A Tanger, il n'y a pas beaucoup de solutions pour les jeunes filles : c'est le chômage, le travail dans les usines textiles de la zone franche ou le décortiquage des crevettes. Badia est ce qu'on appelle une fille-crevette : toute la journée, elle est assise dans une grande salle à la lumière blanche où elle s'occupe des crevettes avec des gestes mécaniques. Le problème, c'est l'odeur : Badia ne la supporte pas et se frotte désespérément, pour essayer de faire passer cette abominable puanteur. Avec Imane, son amie, elle tente de donner un peu de sens à sa vie. La rencontre avec deux autres filles, des textiles, va apporter un peu de piment. Et quelques larcins apportent du beurre dans les épinards.

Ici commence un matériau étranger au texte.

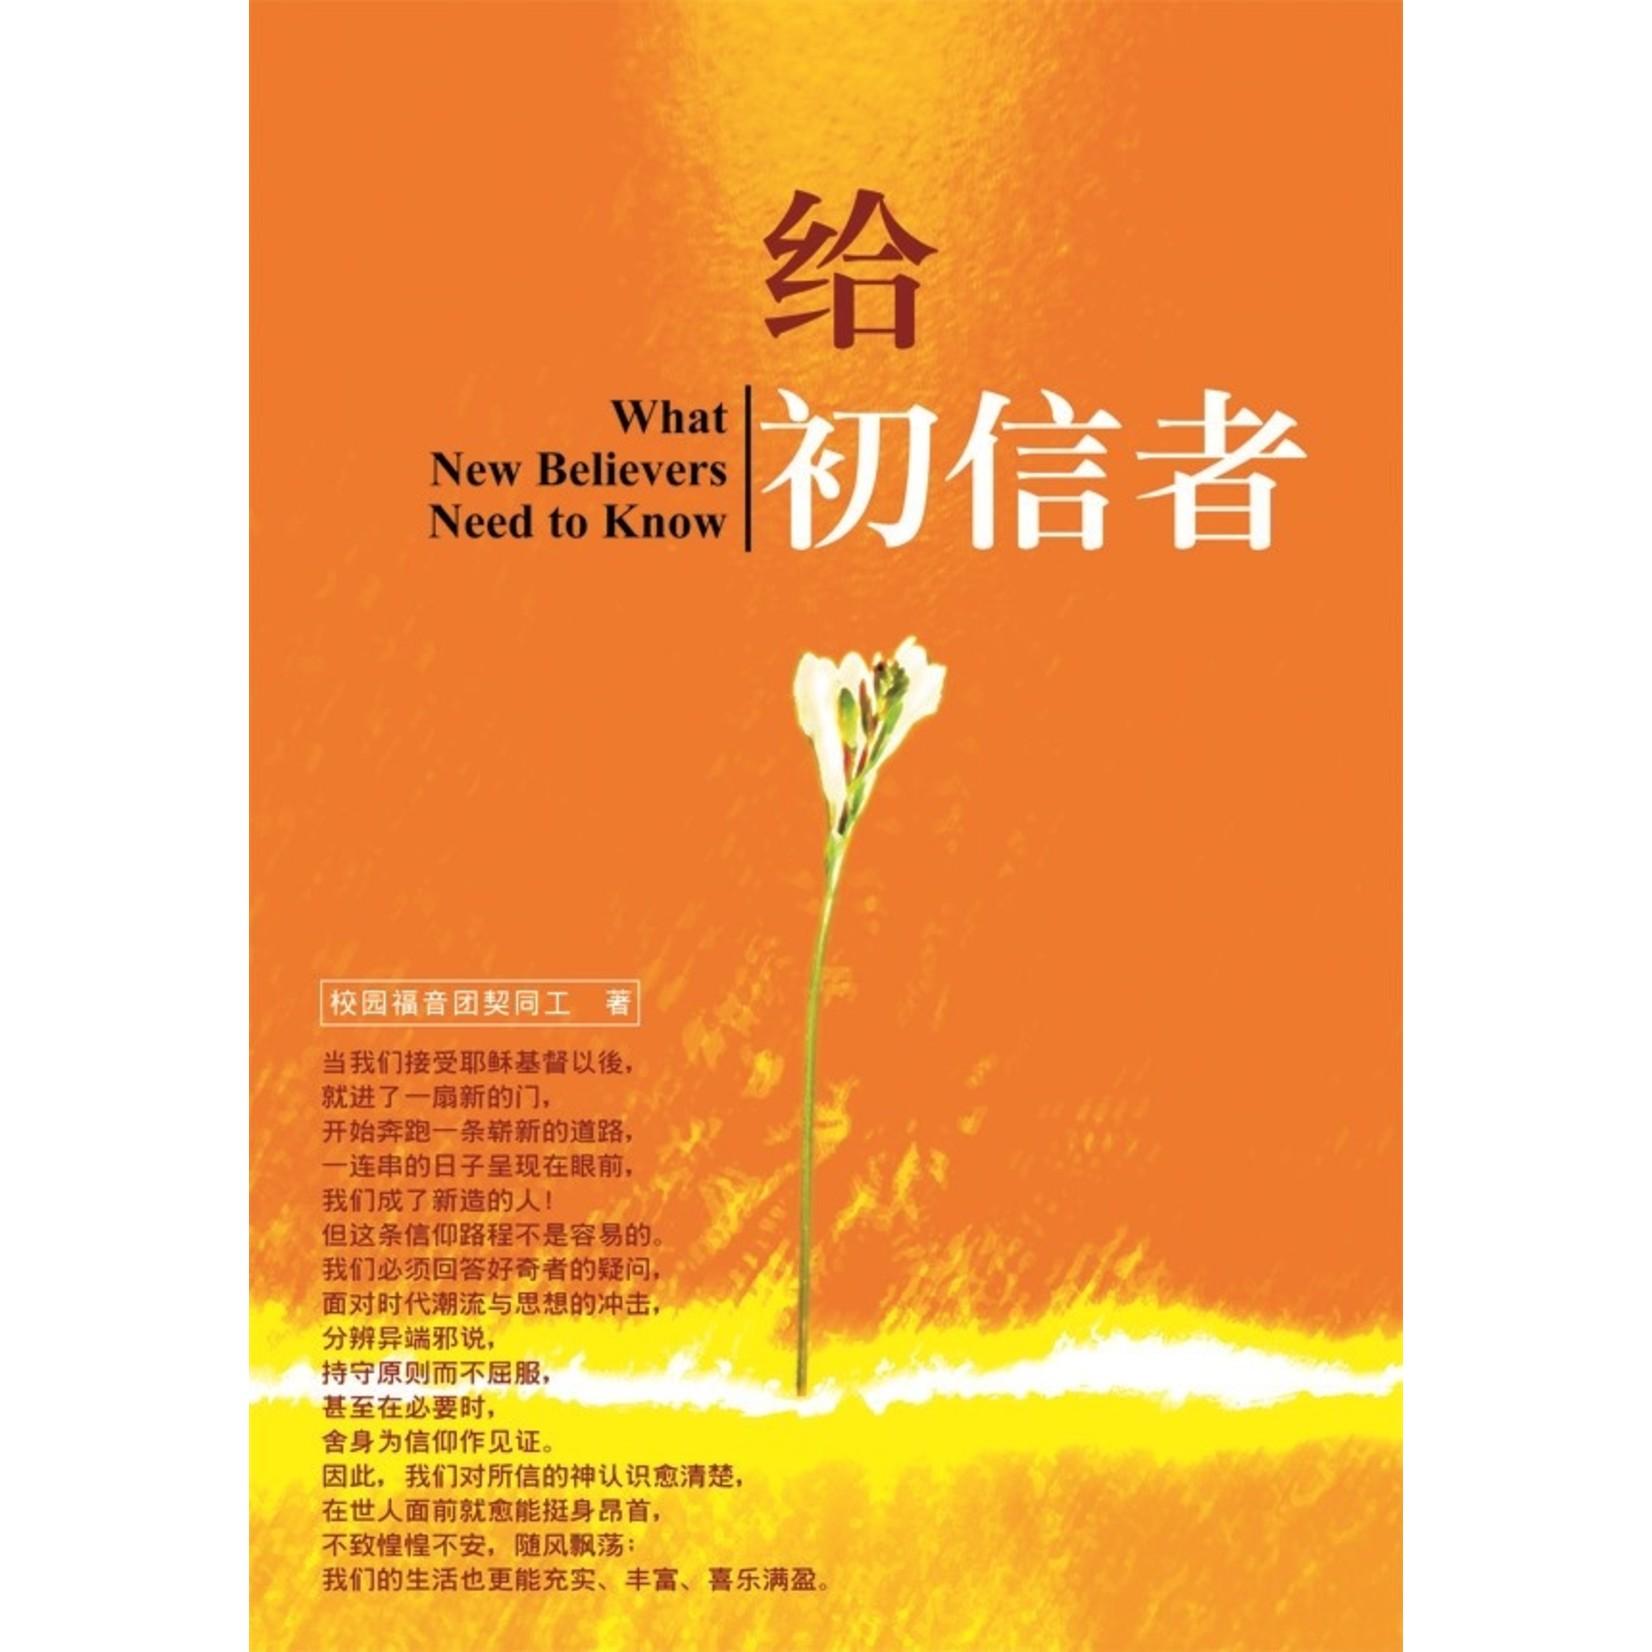 校園書房 Campus Books 給初信者(繁體) What New Believers Need to Know

Sur la planche est un film qui prend aux tripes. Les premières scènes mettent immédiatement dans le ton : le spectateur est pris à parti par la logorrhée de Badia, qui parle avec un débit impressionnant et un accent marqué. La caméra suit l'énergie du personnage principal : tourbillonnante, elle ne laisse pas de repos. Puis le film se pose : on découvre alors l'histoire de ces jeunes femmes, obligées de travailler pour payer leurs logements miteux en location. Dans le rôle de Badia, la jeune Soufia Issami est très convaincante et la mise en scène de Leïla Kilani permet de concilier l'intrigue (une simple histoire d'arnaque et de vol) et description du Maroc contemporain.

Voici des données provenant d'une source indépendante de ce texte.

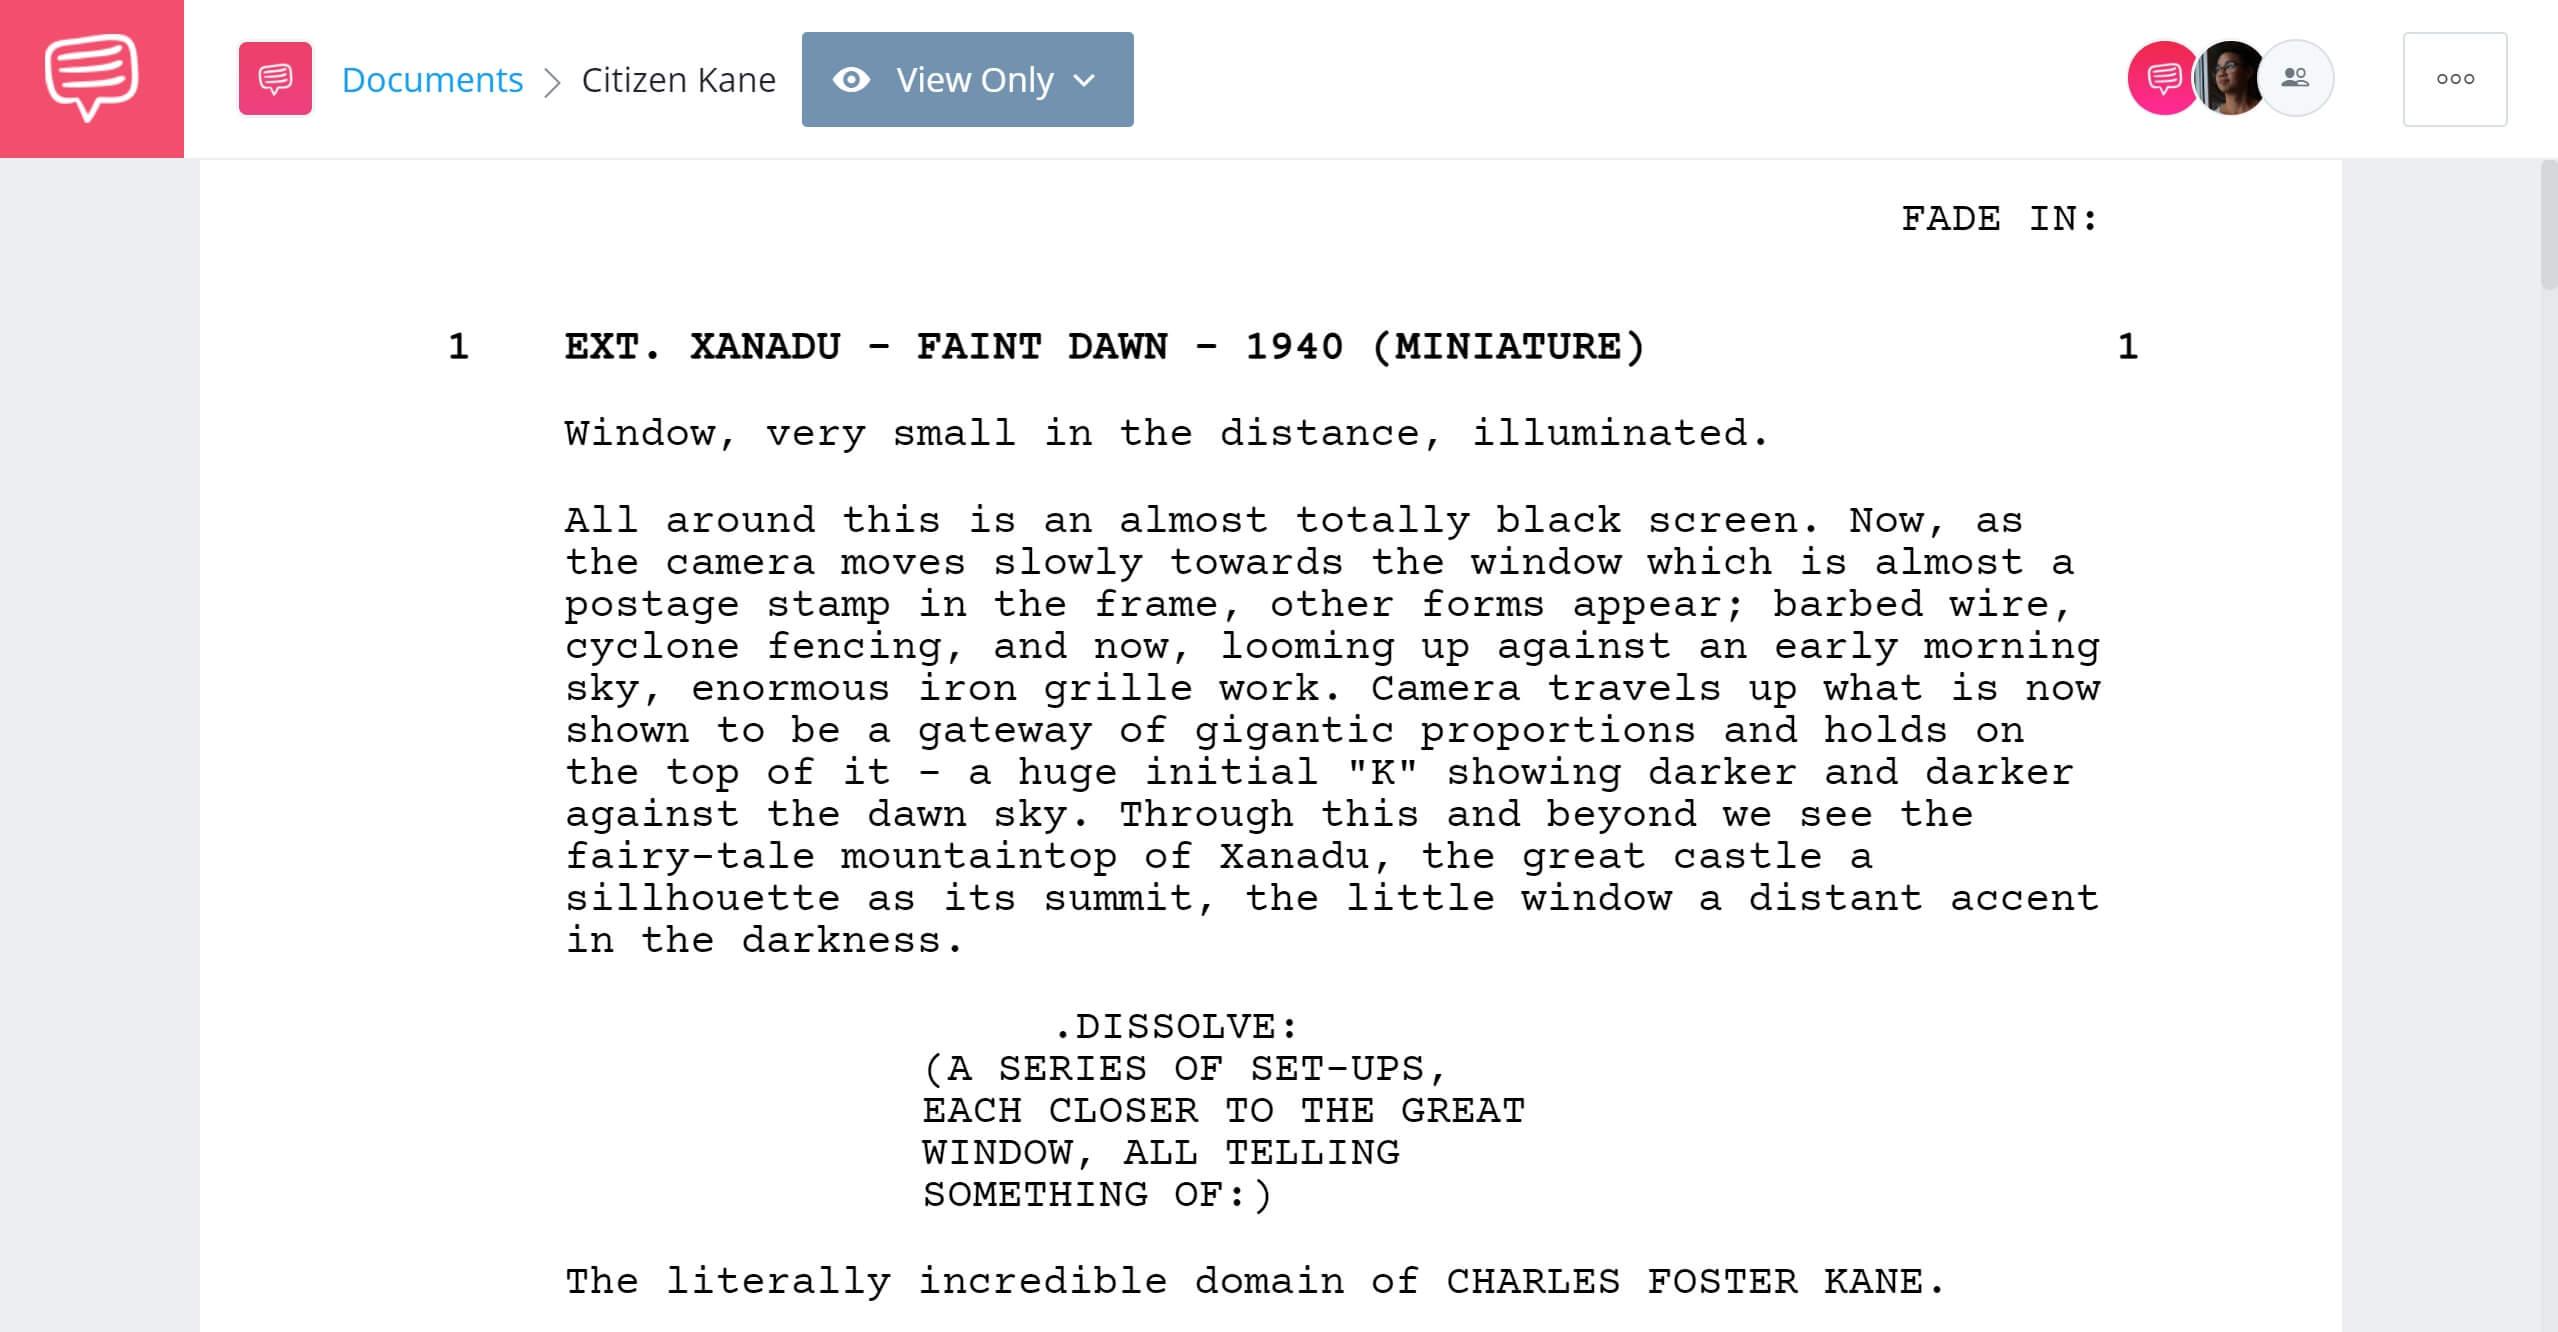 Best Original Screenplay Academy Award - Citizen Kane Full Script PDF Download - StudioBinder Screenwriting Software

Car outre l'histoire édifiante des personnages, le plus du film est de donner à voir la vie à Tanger. Ville en pleine expansion économique, elle est un lieu d'immigration pour les marocains, qui quittent les autres villes pour y trouver du travail. Les intérêts économiques sont protégés dans la zone franche, où les allers et venues sont contrôlés par les autorités policières. Les conditions de travail difficile des ouvrières ne les protègent toutefois pas des conséquences de la mondialisation : les délocalisations pour l'Asie ne les épargnent pas.

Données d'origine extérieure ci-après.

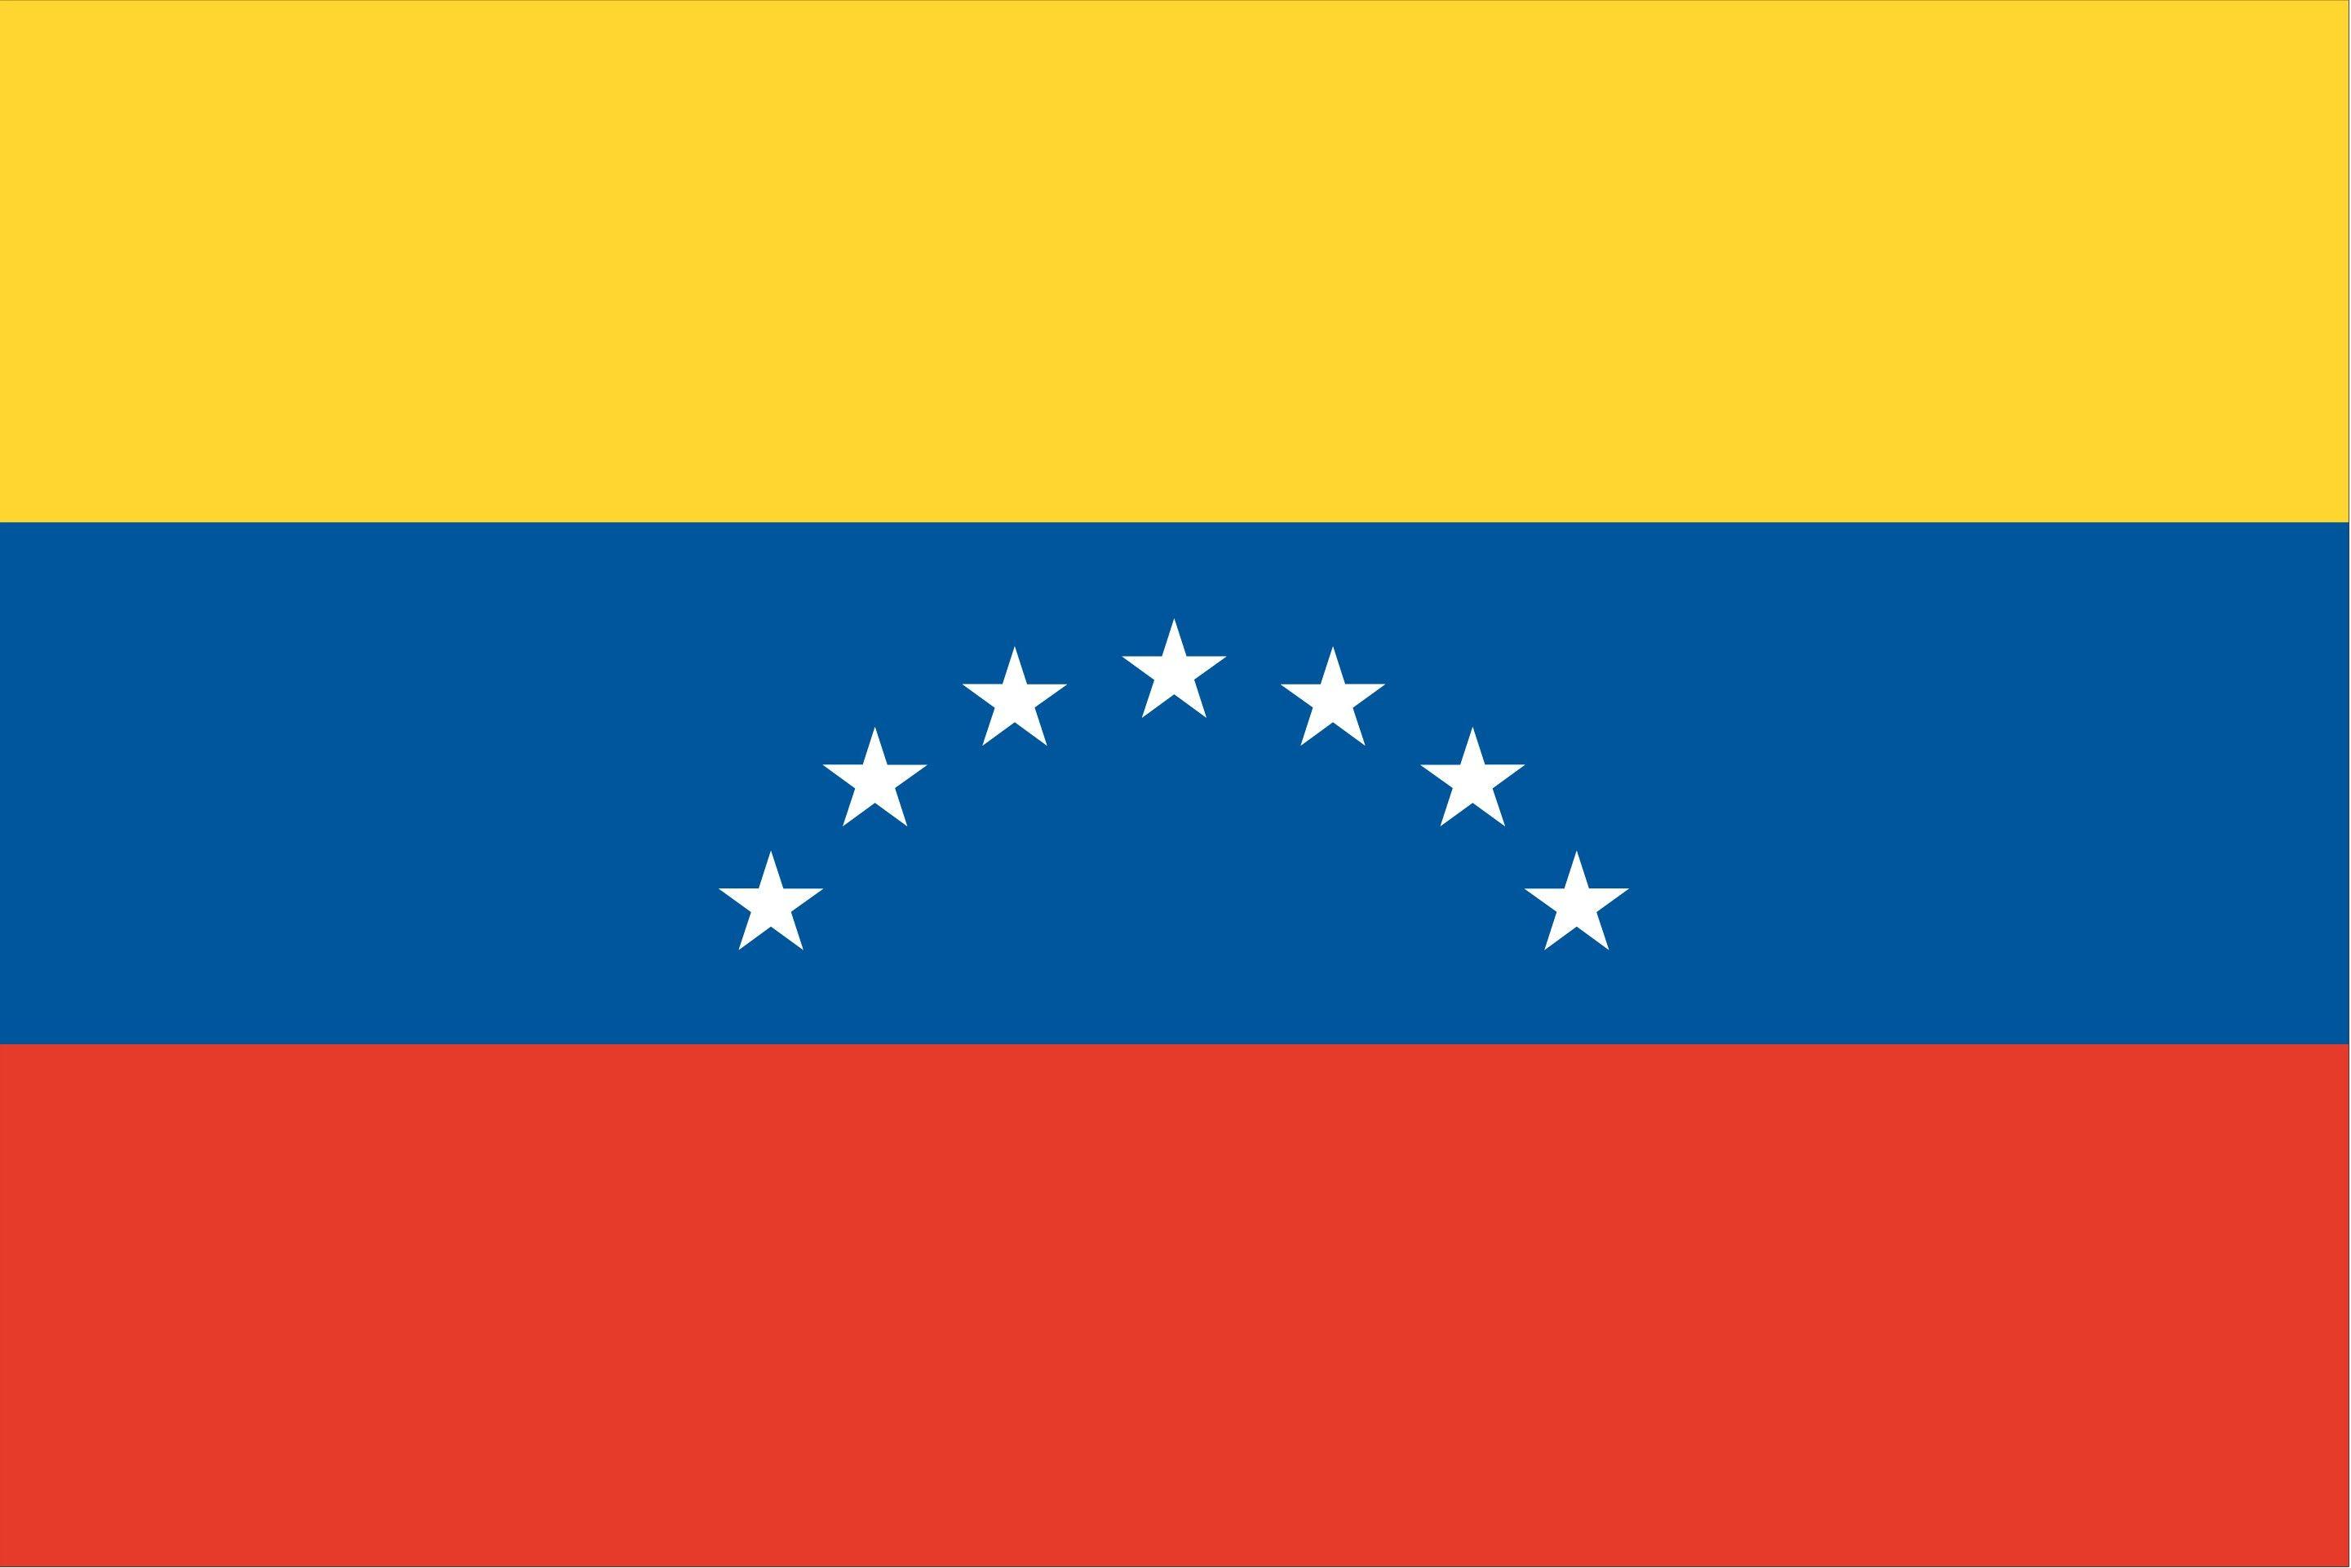 Venezuala personals Venezuela Gay Personals, Venezuela Gay Dating Site, Venezuela Gay Singles, Free Online Dating

C'est un film pour lequel il faut être en forme : l'intrigue n'est pas totalement linéaire et m'a laissé perplexe (même s'il
est assez facile de faire des hypothèses plausibles sur ce qui se passe une fois le générique de fin débuté) et la caméra ne ménage pas le spectateur. Mais c'est un film qui mérite cet effort
initial, car il est déroutant et riche.